Côté éligibilité : pour « Ma Prime Logement Décent bailleur à Orville », un ménage très modeste mobilise jusqu'à 32 000 €, un ménage modeste 24 000 €, un ménage intermédiaire 18 000 € et un ménage aux revenus supérieurs 4 000 € sur l'assiette de 40 000 € HT. À deux classes gagnées, l'assiette redescend à 30 000 € HT et les montants suivent dans la même proportion.
Sur le plan de trésorerie : sur le cas type à Orville, le reste à charge d'un ménage très modeste ressort à 6 000 € après aide ANAH et prise en charge de l'accompagnement. Étalé sur quinze ans en éco-prêt à taux zéro, cela représente de l'ordre de 35 € par mois, à comparer aux 1 620 € d'économie annuelle attendue sur la facture d'énergie.
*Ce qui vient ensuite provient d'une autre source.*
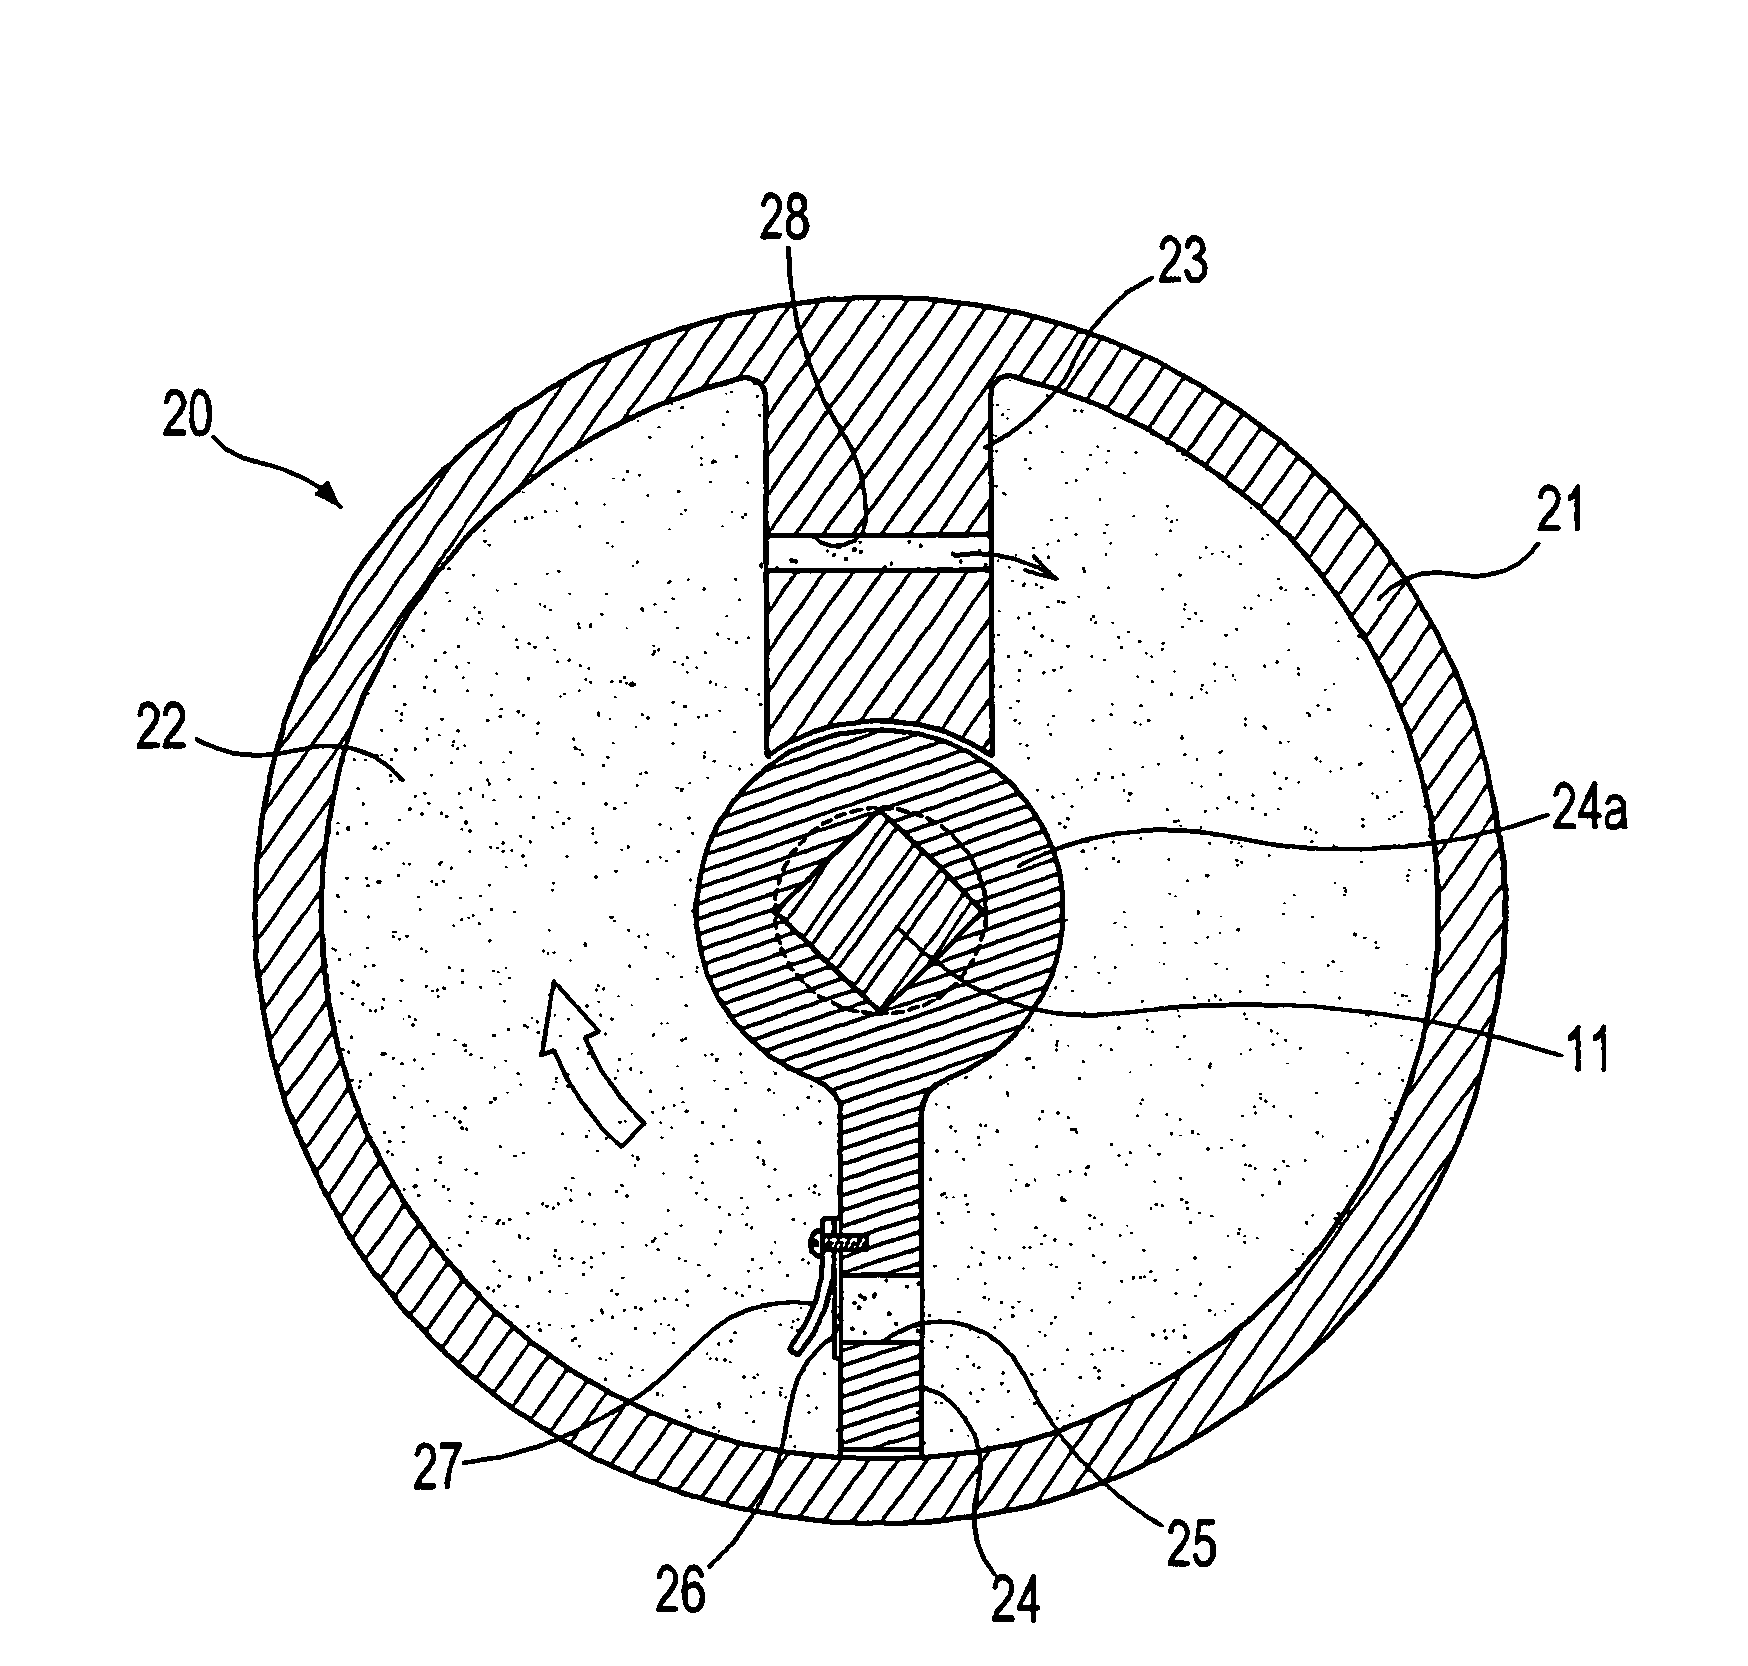 Door damper and electronic appliances having the same

Le gain se calcule, il ne s'annonce pas : la remise à niveau d'un logement mis en location traite 40 à 60 % du besoin. Appliqué au cas de référence à Orville, en zone H1a, cela ramène 10 982 à 16 473 kWh par an, valorisés 1 179 € à 1 769 € au tarif conventionnel 2026.
Dans l'ordonnancement du chantier à Orville, la remise à niveau d'un logement mis en location mobilise un opérateur agréé par l'Anah pendant cinq à neuf mois. Cette durée se cale entre l'audit préalable et la mise en service du générateur : la déplacer en fin de chantier oblige presque toujours à reprendre des interfaces déjà refermées.
Le métré fait foi avant toute discussion de prix : à Orville, sur une base de 110 m² en zone H1a, la remise à niveau d'un logement mis en location représente de l'ordre de 74 logement du parc locatif. Multiplié par un prix unitaire de 22 000 à 45 000 €, on obtient une fourchette de 1 628 000 € à 3 330 000 € TTC, que le plafond d'assiette de 40 000 € HT vient ensuite borner.
Contexte urbain à Orville : 155 résidences principales pour 341 habitants. Sur la remise à niveau d'un logement mis en location, cela se traduit par des contraintes d'accès, d'occupation temporaire du domaine public et de livraison qui pèsent réellement sur le prix final.
Une moyenne de 2.20 personne(s) par logement à Orville : ce chiffre paraît anodin, il commande pourtant le débit de ventilation, le volume d'eau chaude et donc la cohérence de la remise à niveau d'un logement mis en location avec le reste du bouquet.
Le solde se finance : à Orville, le reste à charge du cas type le plus aidé s'établit à 6 000 € après aide ANAH et prise en charge de l'accompagnement jusqu'à 2 000 €. Étalé en éco-prêt sur quinze ans, cela représente environ 35 € par mois, quand le logement loué contribue déjà à 1 620 € d'économie annuelle attendue.
Qui décide, et donc qui finance : 92 % de propriétaires occupants à Orville, soit environ 143 logements. Pour la remise à niveau d'un logement mis en location, cela signifie autant de dossiers décidables sans mandat de gestion, le solde relevant du parc locatif et donc d'un montage bailleur distinct.